Prenons un bref échantillon des articles parus à la suite de la disparition : une glorieuse (sic) presse féminine relaie ici la thèse (elle-même relayée par Ouest-France), selon laquelle le jeune garçon, qui, on cite : « aurait pu disparaître lors d’une messe noire. [Une théorie] dans la droite lignée des rumeurs persistantes sur la famille du petit garçon », se dédouane le torchon. Pas plus amicaux, les propos rapportés dans Paris Match (repris par Gala), qui évoque la famille d’Émile comme des personnes « trop calmes […] trop maîtres de leurs émotions » et « sectaires ». Guère plus sympathiques, les témoignages visant à fustiger l’attitude du père de famille lors des battues, tout en rappelant au détour de l’article les engagements politiques passés de celui-ci. L’échantillon n’est hélas, pas exhaustif…
Politique et religieux : une liaison exaltée
« Il y a un certain malaise autour de leurs convictions catholiques car ce ne sont pas des catholiques ordinaires malgré tout, d’ailleurs ils le reconnaissent », a ensuite déballé la journaliste d’un âge avancé, et d’ajouter « Ils sont liés à des organisations catholiques que l’on peut qualifier d’extrême-droite. »
Liant opportunément deux éléments pourtant distincts (l’attachement de la famille à une forme liturgique traditionnelle et les convictions politiques de celle-ci), cette assertion témoigne d’abord de la méconnaissance crasse des journalistes sur les questions ayant trait aux subtilités des liturgies chrétiennes. La journaliste évoquera la figure de « Bernard Antony », qualifié de « grande figure de l’extrême-droite catholique ». Se référer au président de l’Alliance générale contre le racisme et pour le respect de l’identité française et chrétienne (AGRIF), âgé de 79 ans, semble par ailleurs indiquer les archives assez anciennes dont dispose Mme Sauvaget (Bernard Antony a quitté le Front National au début des années 2000).
À la recherche du sensationnel
Cette assertion témoigne par ailleurs de l’absence de limites de certains journalistes lorsque sont évoquées des personnes appartenant à une famille de pensée — en l’occurrence, la droite nationaliste ou identitaire – systématiquement caricaturée pour sa ligne en faveur de la préférence française. En l’occurrence, le « Bastion social » (association pointée du doigt parce qu’elle a fait l’objet d’une dissolution politique) auquel aurait appartenu le père du jeune garçon, avait pour objet dans ses statuts « de venir en aide aux seuls démunis de nationalité française »…L’appartenance passée du père de famille au mouvement de l’Action française il y a plusieurs décennies n’apportait en outre pas grand-chose à l’affaire.

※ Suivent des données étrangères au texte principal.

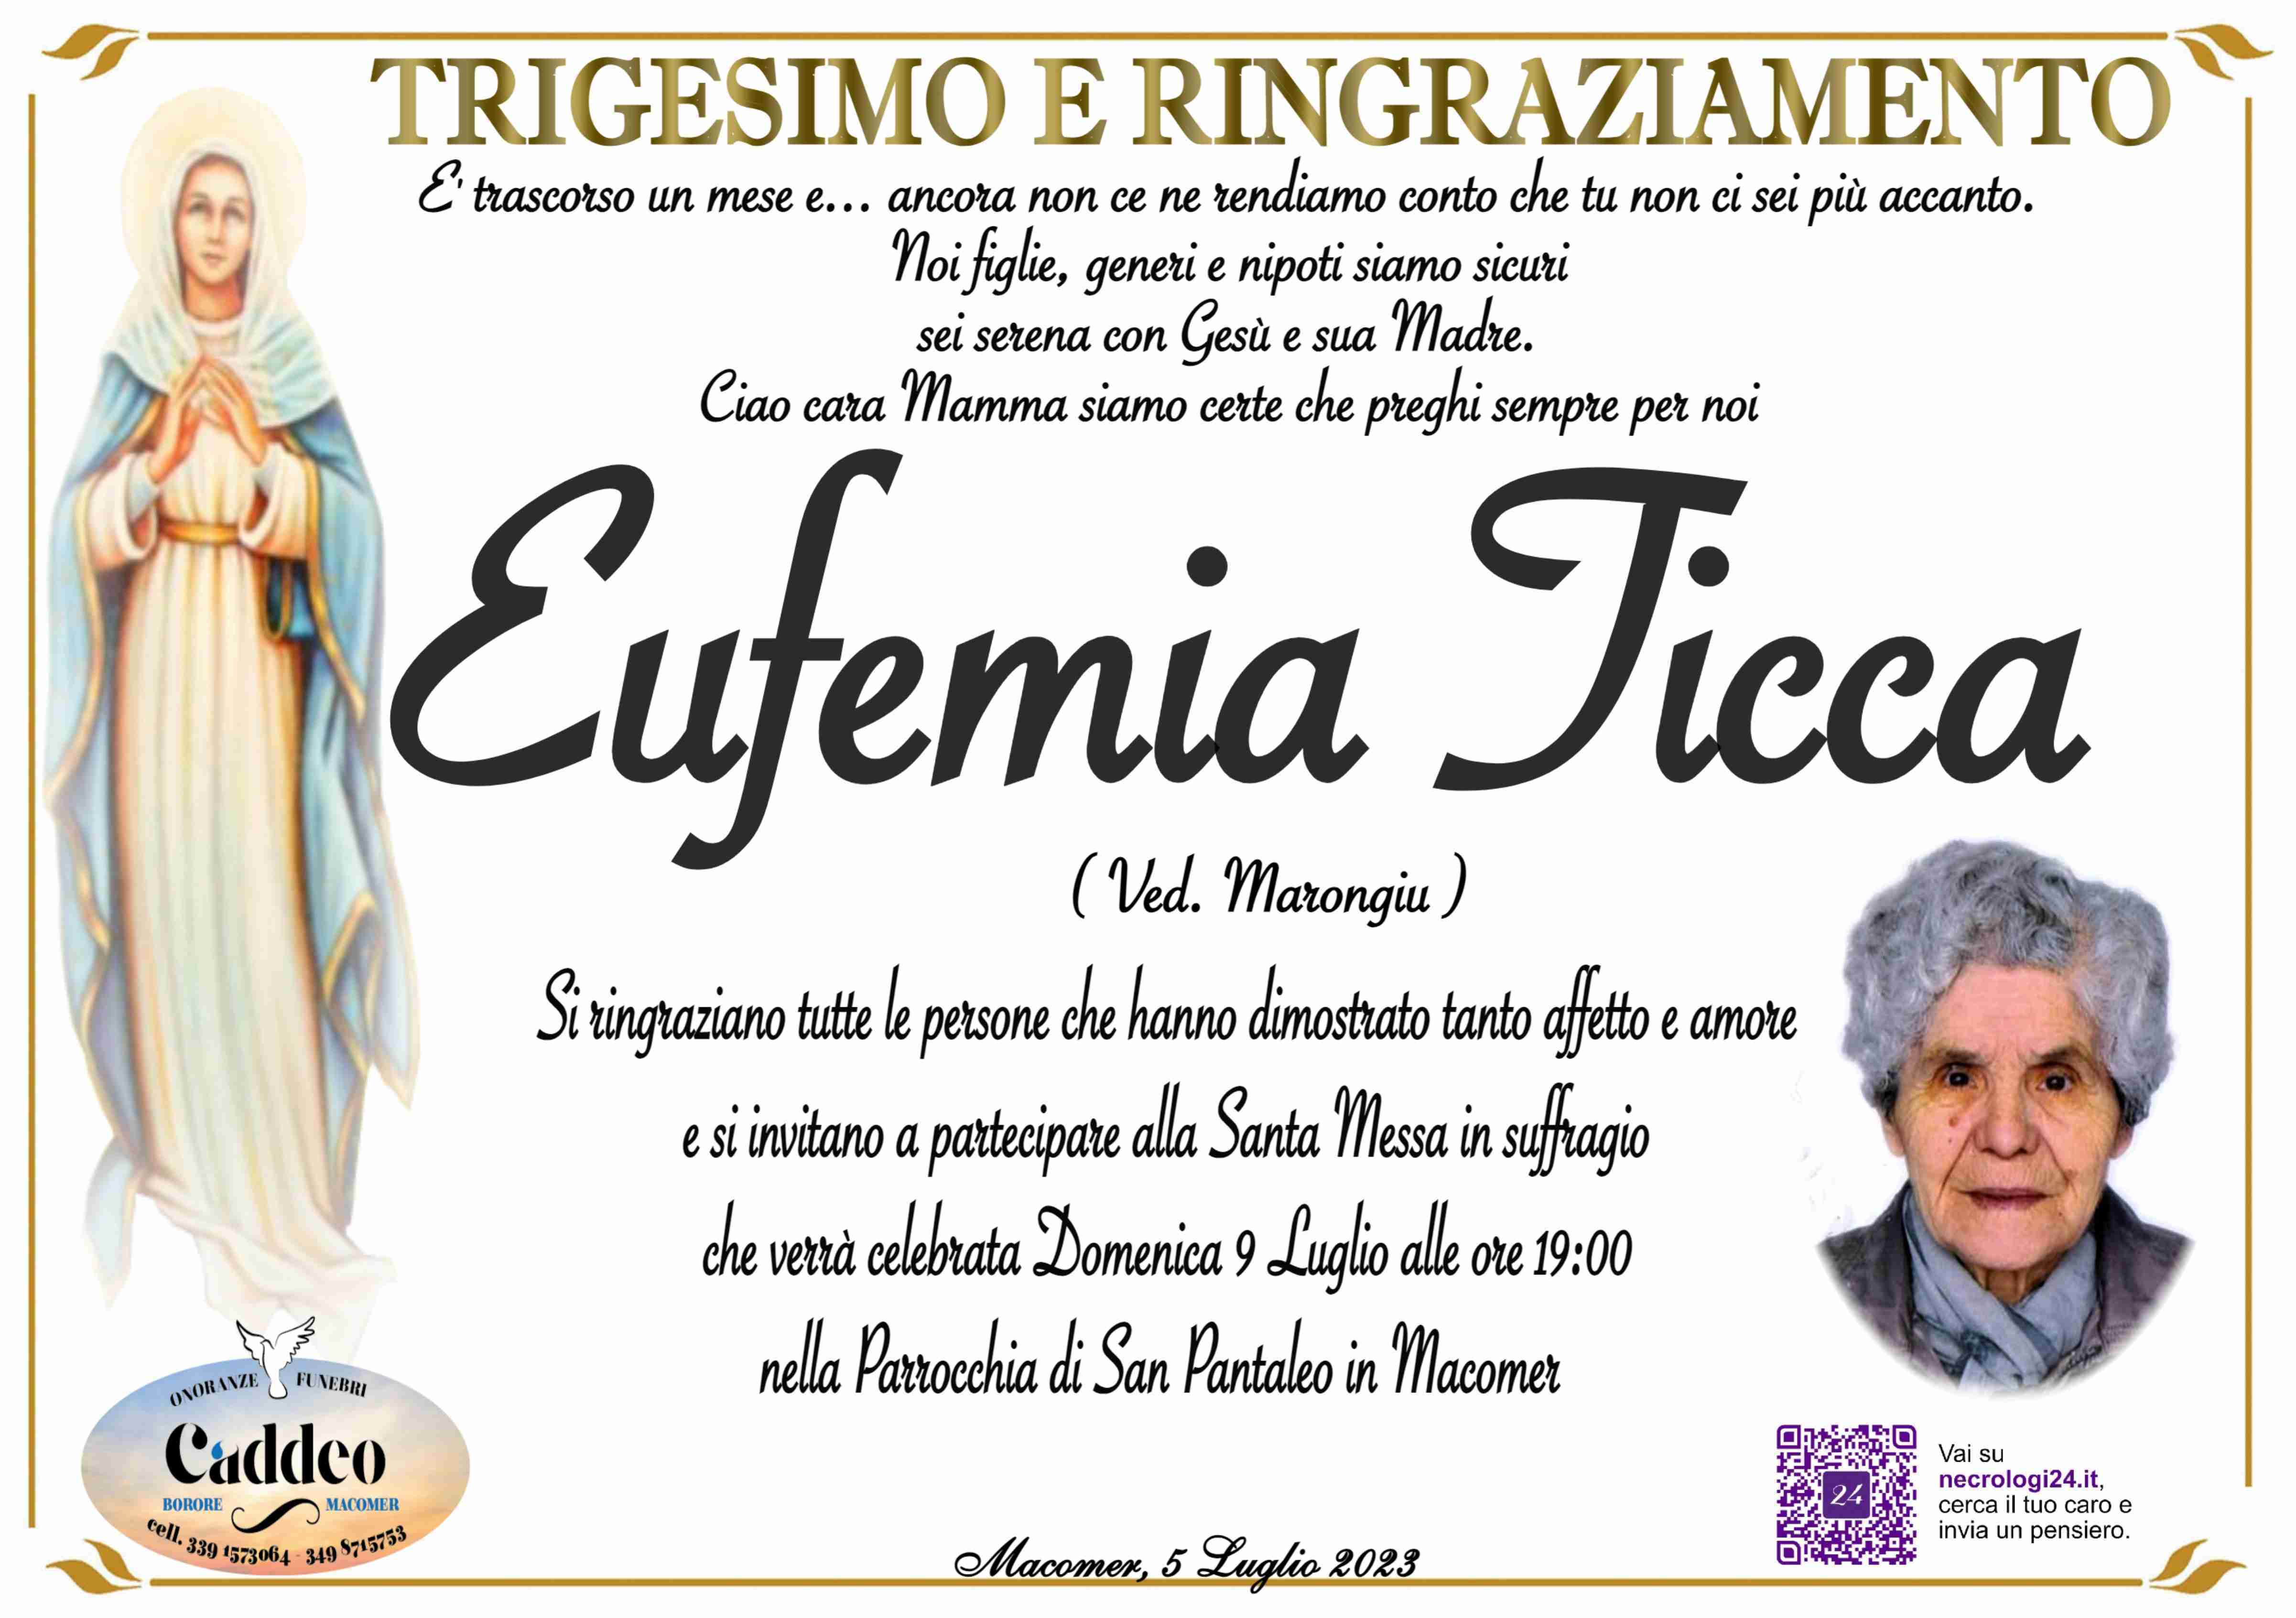 Eufemia Ticca

Qui est Bernadette Sauvaget ?
Bernadette Sauvaget fut un contributeur de Réforme, journal protestant d’actualité. Dirigé depuis 2022 par Jean-Marie de Bourqueney, pasteur appartenant à une frange libérale des Églises réformées, Réforme semble incarner une frange du protestantisme qui par définition constitue un « courant contestateur de la tradition dont le but est de formuler une pensée adaptée à la modernité. » Si la ligne éditoriale de cet hebdomadaire semble donc assez peu compatible avec un catholicisme traditionnel, la contribution régulière de Bernadette Sauvaget au quotidien Libération laisse par ailleurs peu de doutes pour l’affection qu’elle porte à ces mouvements. Tirant à boulets rouges sur toute figure diocésaine vaguement conservatrice (voir les articles : Messe en latin et évangélisation : Dominique Rey, l’évêque réac qui embarrasse le Vatican ou Quand l’évêque de Nanterre Matthieu Rougé participe à une université d’été d’extrême droite), elle aborde l’Église catholique presque exclusivement sous l’angle des scandales, à l’exception des articles qu’elle rédige sur le pape François dont elle semble saluer l’action.
Il est des épisodes de mauvaise foi qui prêtent, au sein d’une caste médiatique sujette à la versatilité de l’information continue, à sourire. La gravité des propos de Mme Sauvaget, qui semble oublier l’épreuve à laquelle est soumise une famille qui a vu son enfant disparaître depuis plus d’un mois et qui trouve judicieux, en bon « expert » de plateaux autoproclamé, d’en faire le procès, n’en fait pas partie.